The sources further said that following a two-hour meeting held behind closed doors on Monday, January 20, it was allegedly agreed upon for the Minister’s legal team to file an application. The purpose of the application was to request the Court to enable the Minister to file a petition for reconsideration of the Court’s decision suspending her for six months from the practice of law “directly or indirectly.”
According to our sources, the effect of filing the petition would have allegedly suspended the enforcement of the suspension until the Court determines the merits of the petition.
Following the Monday meeting, a legal expert speculated to the Observer that progress was being made toward an amicable resolution of this matter.
Since the rendering of its decision on January 10, efforts have been made by Minister Tah and her legal team to try and resolve the impasse but the Court has maintained its stance.
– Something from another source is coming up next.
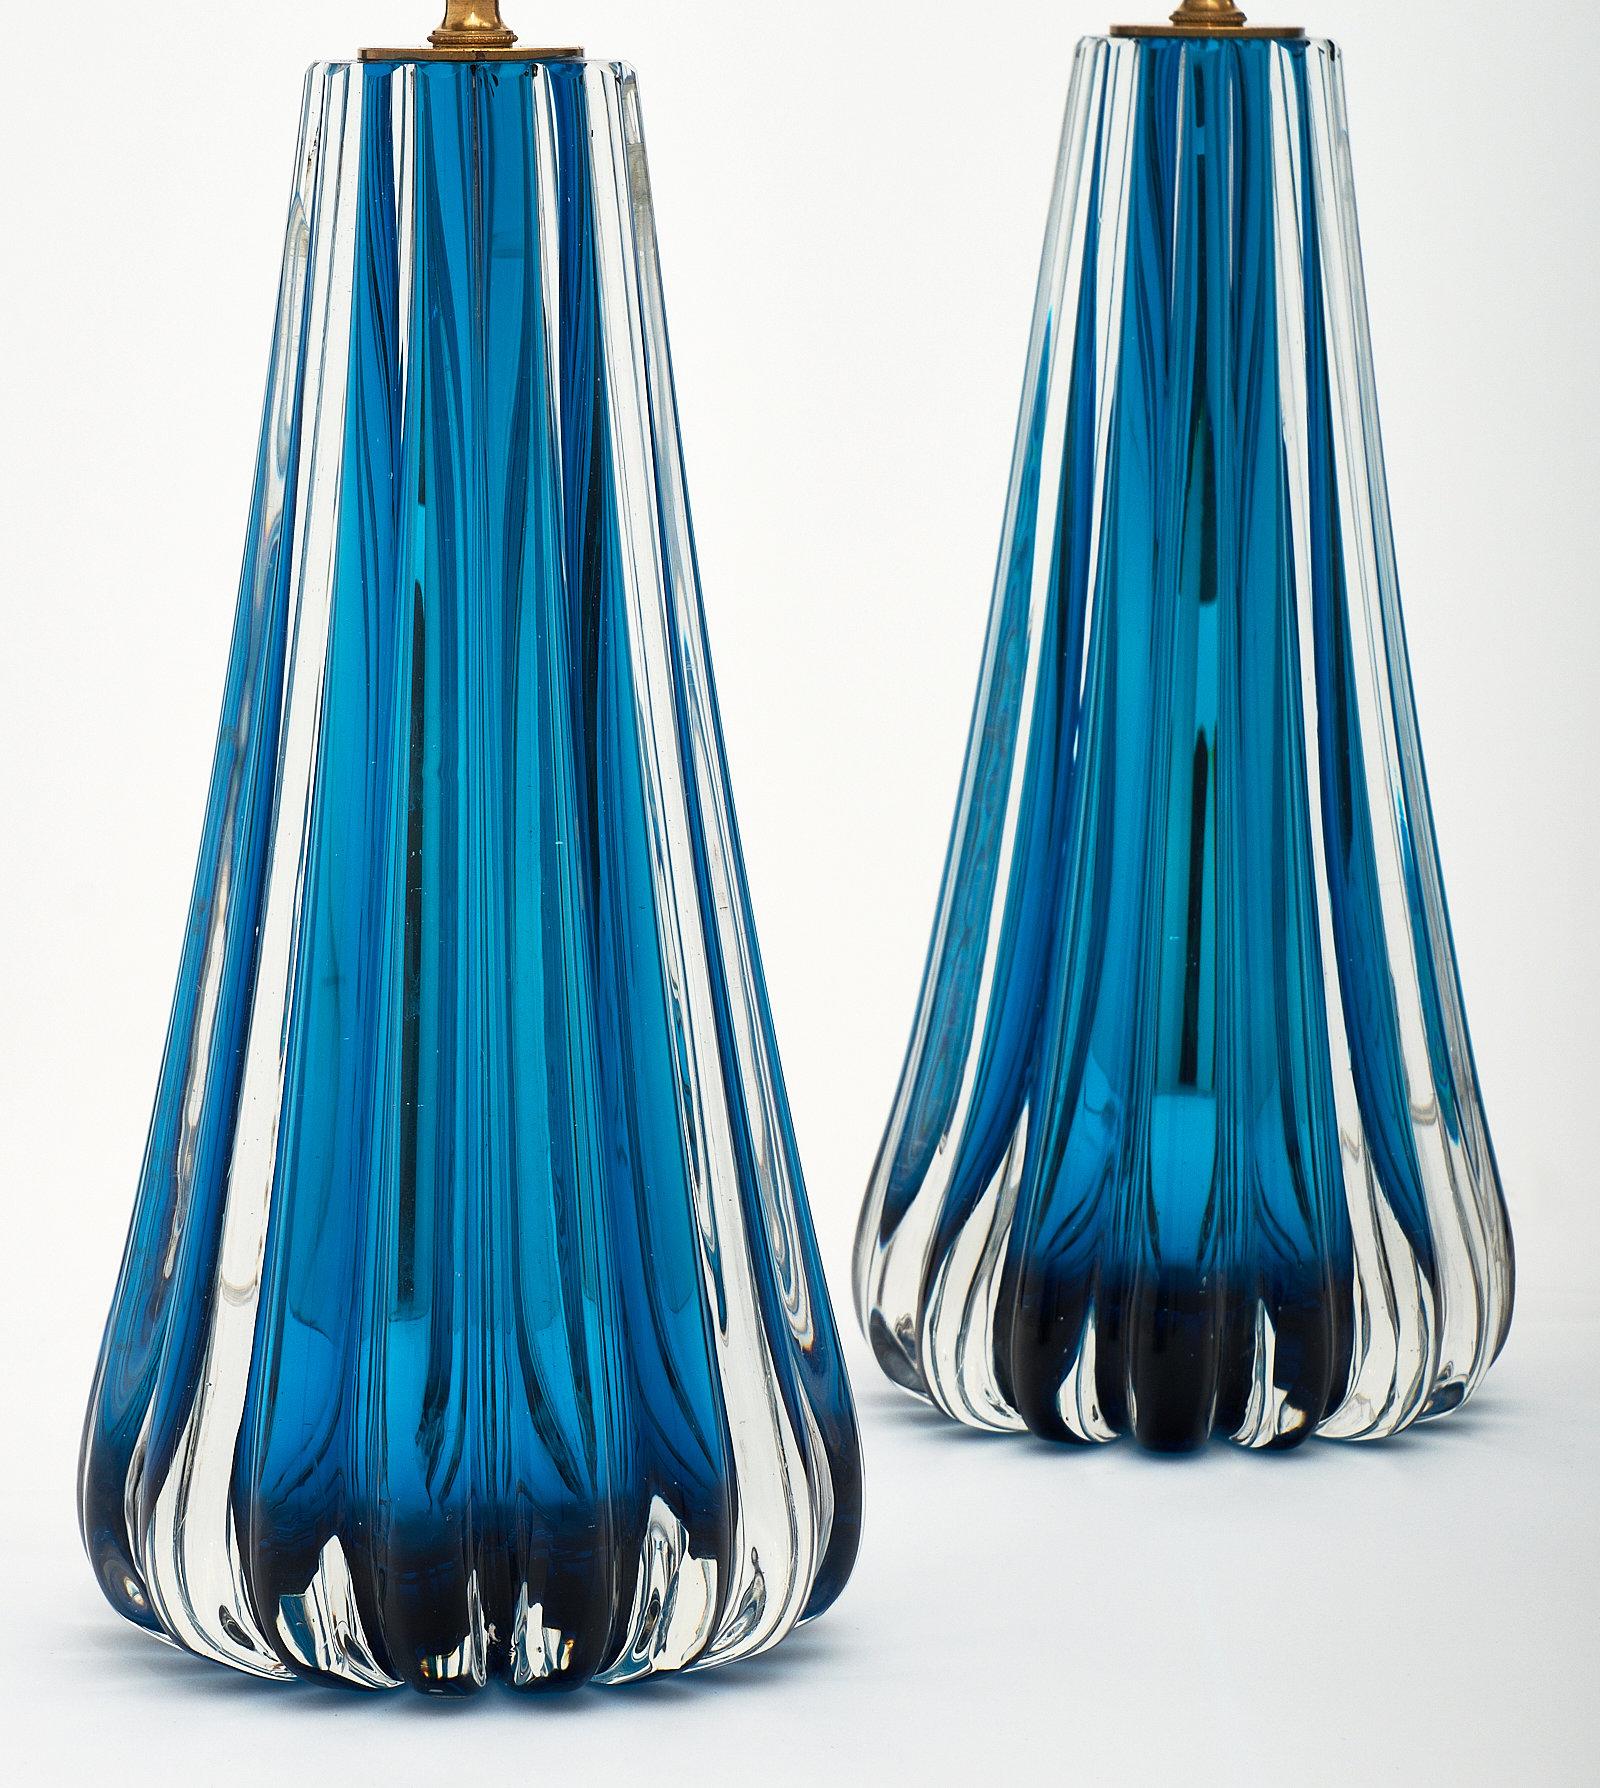 aqua glass lamps

Delivering the High Court’s decision Thursday, Chief Justice Francis Korkpor declared: “The Full Bench of the Court has agreed not to grant the application for re-argument or re-consideration filed by the Justice Minister and Attorney General, Christiana P. Tah. Her suspension hereby stands and it is so ordered.”
According to legal experts, the law provides that a person held in contempt by the Supreme Court has the opportunity to appeal for a re-argument or re-consideration to the Full Bench of the Court within the period of three days for their case to be reheard. Unfortunately, that did not happen in the case of Minister Tah for her case to be reheard; even though her legal team had filed the petition after 11 days following the suspension. But following the closed-door meeting, our sources said if the Court did not want to hear her, it should have rejected her request for filing a petition, but since it agreed then it should have allowed her a hearing.
Some legal minds have said this is not a good precedent for justice given our fragile democracy.
The Observer understands that Justice Minister Tah, who is cognizant of the statute, did not sit supinely or just ignore the law but was waiting on her legal team, including astute lawyer Varney Sherman.
Cllr. Sherman had blamed the delay on her being a political appointee and “those who appointed her were responsible for the delay.”
He pleaded with the Justices that her action was not deliberate.
However the Full Bench decided to enforce its stance.
A few days following the Chief Justice’s pronouncement of Minister Tah’s suspension, President Ellen Johnson Sirleaf, in her very wise mind, and not wanting any constitutional conflict with the Judicial Branch of government, said in a release from her office, that she took note of the Supreme Court’s decision. The President stated that she was holding consultations with eminent lawyers and legal professionals, including former Chief Justices and former Associate Justices of the Supreme Court, to fully comprehend the implications of the Court’s decision, especially as it relates to the executive powers of the President. Liberians are still awaiting a reaction from the President on this decision.
The Court has maintained that the role played by Justice Minister Tah in releasing Rodney D. Sieh from prison as well as her persistent affront to the Court, as demonstrated by her refusal to reverse the action, formed the basis for the contempt proceedings.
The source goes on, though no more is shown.